Felker is an idea editor, not a pencil editor. He has had remarkably accurate antennae for coming fashions —and a knack for catchy headlines that are often better than the articles and make each fad seem momentous. The list of writers for whom he has provided a springboard is also impressive. As features editor of Esquire from 1957 to 1962, he helped steer Norman Mailer into reportage and published some of the first so-called New Jourrialists, most notably Tom Wolfe. On the old New York Herald Tribune, where he edited the Sunday magazine that was to be reincarnated as New York, he gave free rein to such emerging stars as Jimmy Breslin, Dick Schaap, George ("Adam Smith") Goodman. Many of the best and the brightest have left in rage and frustration—or on the wave of New York-borne success. Felker, says Ms. editor and Felker protégée Gloria Steinem, is "the lightning rod of animosity—and of creativity."
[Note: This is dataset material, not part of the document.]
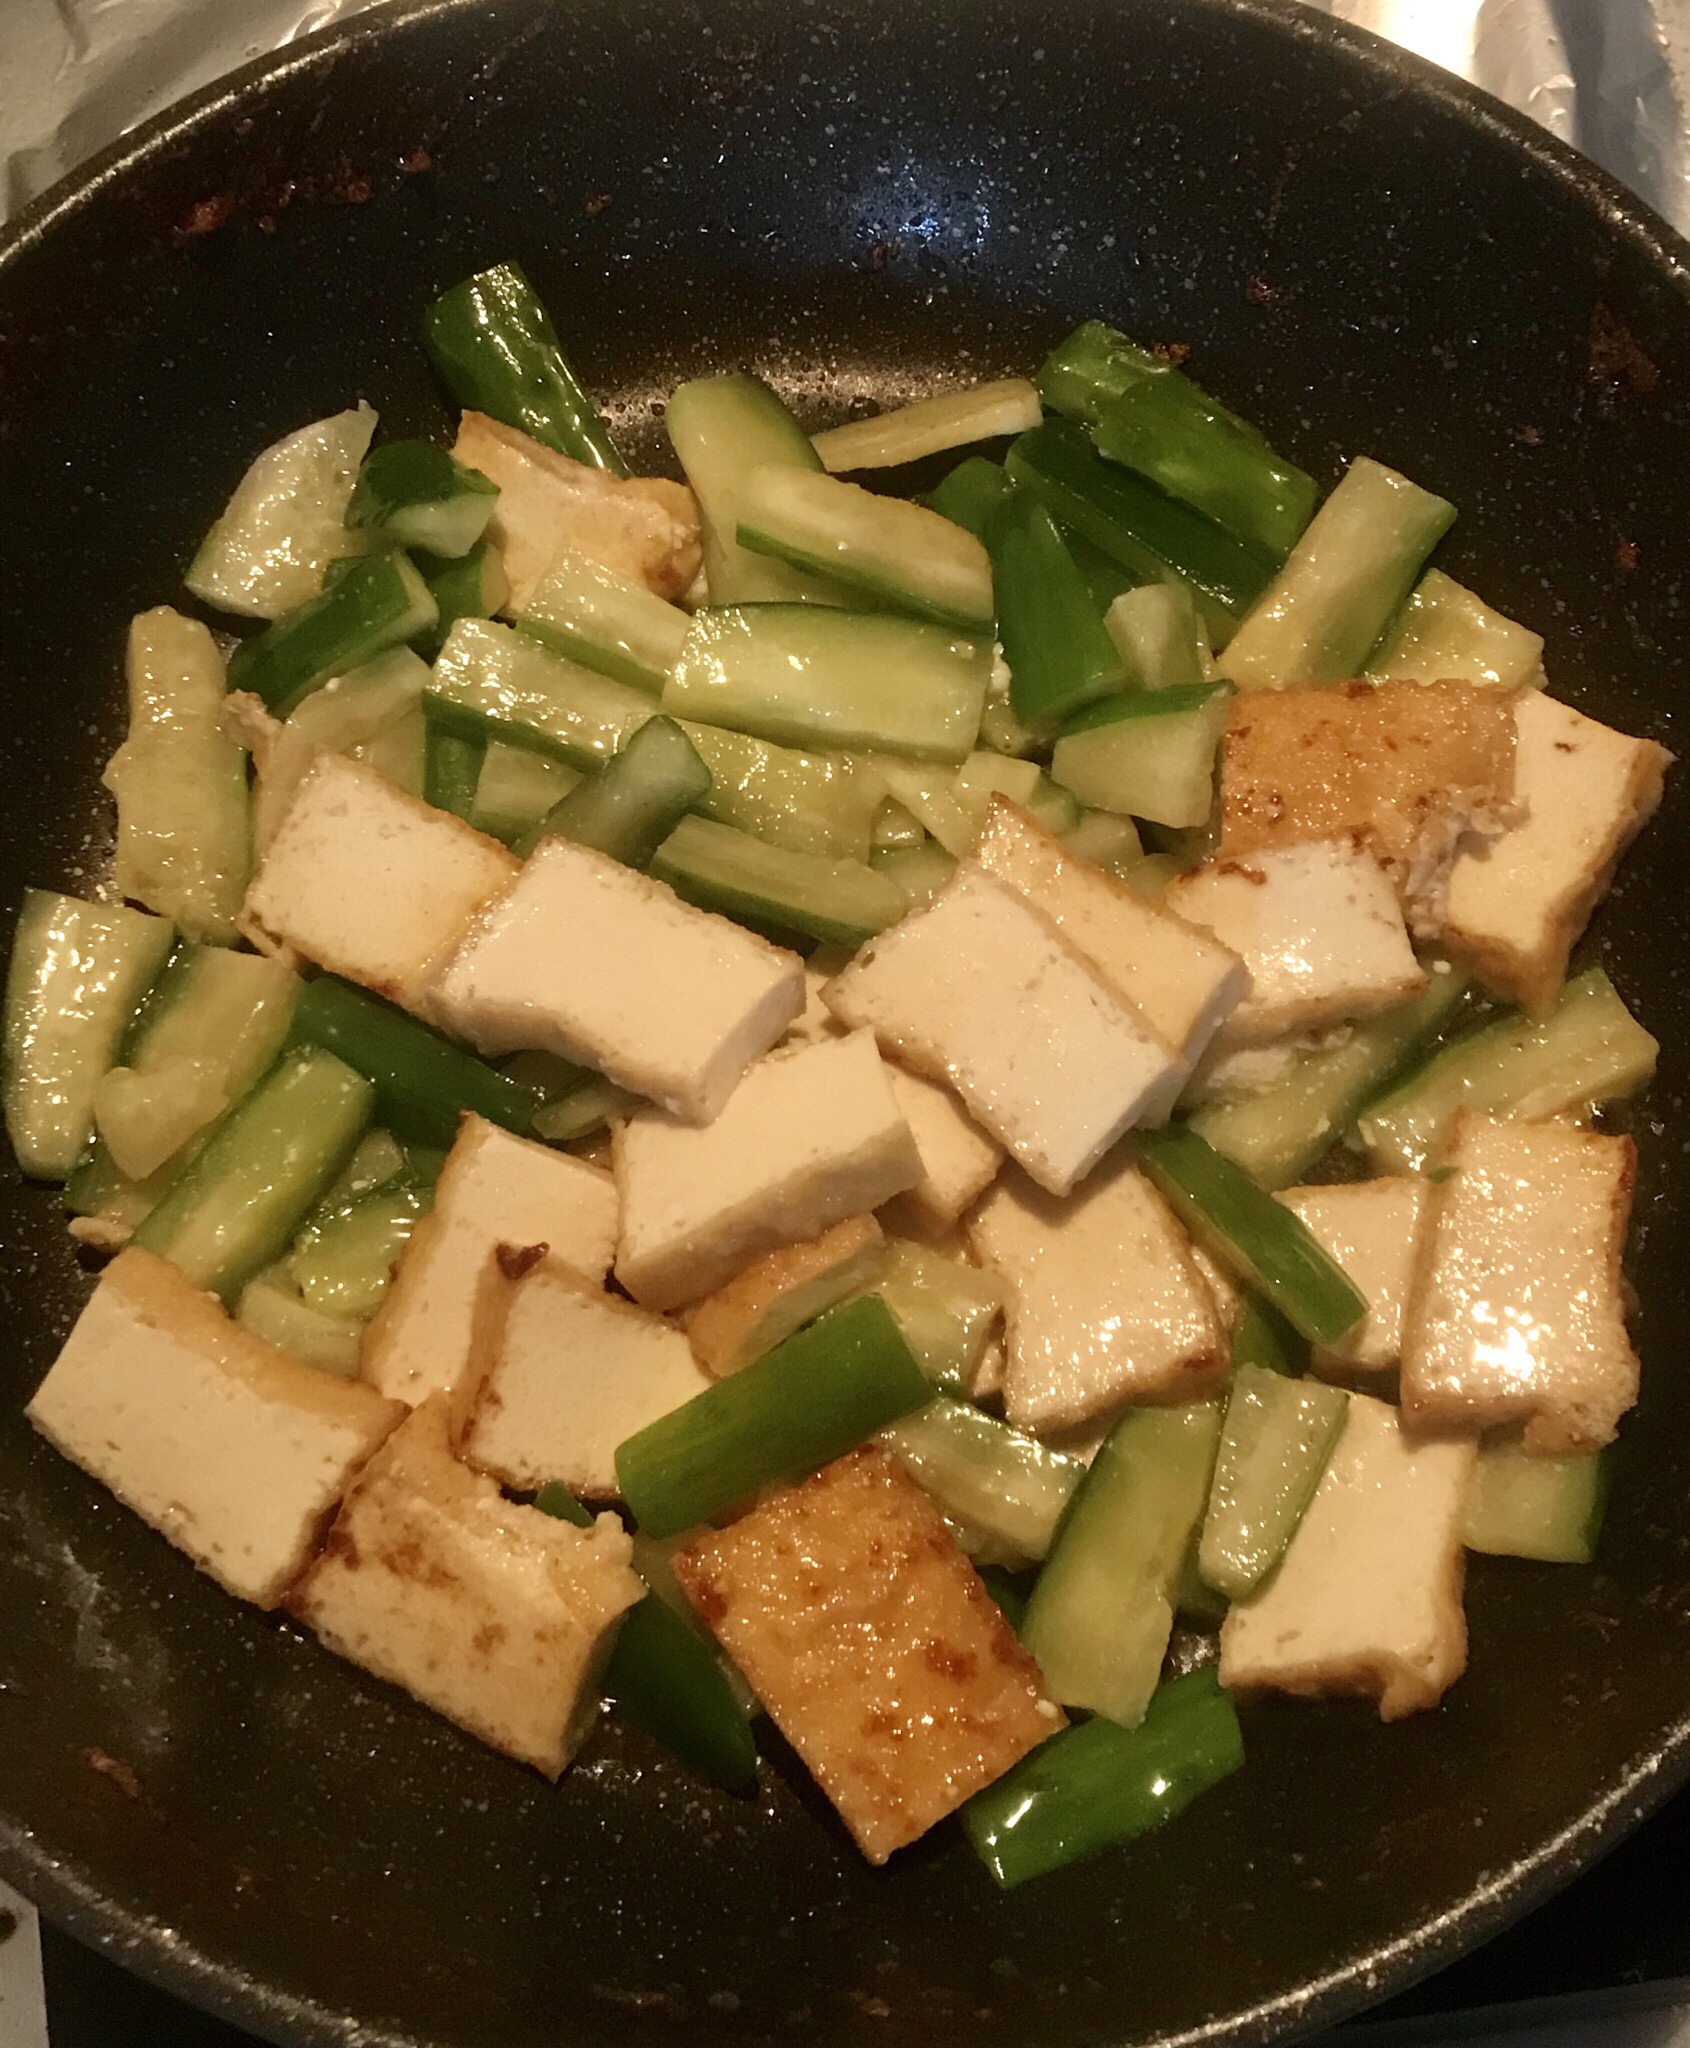 步骤图 琉球料理之野菜炒豆腐的做法 琉球料理之野菜炒豆腐的做法步骤 日式 下厨房

Felker does not add to his credibility by listing his birth date in Who's Who as Oct. 2, 1928, when he was actually born on Oct. 2, 1925. As adamantly as Harry S. Truman, he has refused to disclose his middle name—possibly because Schuette rhymes with "snooty" in Missouri honk. His father, Carl Felker, now 82, was a veteran newsman who became the editor of the immensely successful Sporting News (circ. 330,000). Carl Felker never won a single share of stock in Sporting News, a failure that still weighs on Clay's mind. When Clay was eight, he started his own hectograph-printed newspaper (ads: 25¢ a shot). Soon after he graduated from Duke, he got a job at LIFE.

Some New York staffers—who are not generally overpaid—have loudly objected to Felker's costly personal and professional style. When the magazine moved in 1974 to expensive new quarters on Manhattan's Second Avenue, the boss installed a gym. He also carved out a staff dining room (he had it redecorated several times) and installed a $25,000-a-year chef, who signed each day's menus "Felipe—Executive Chef."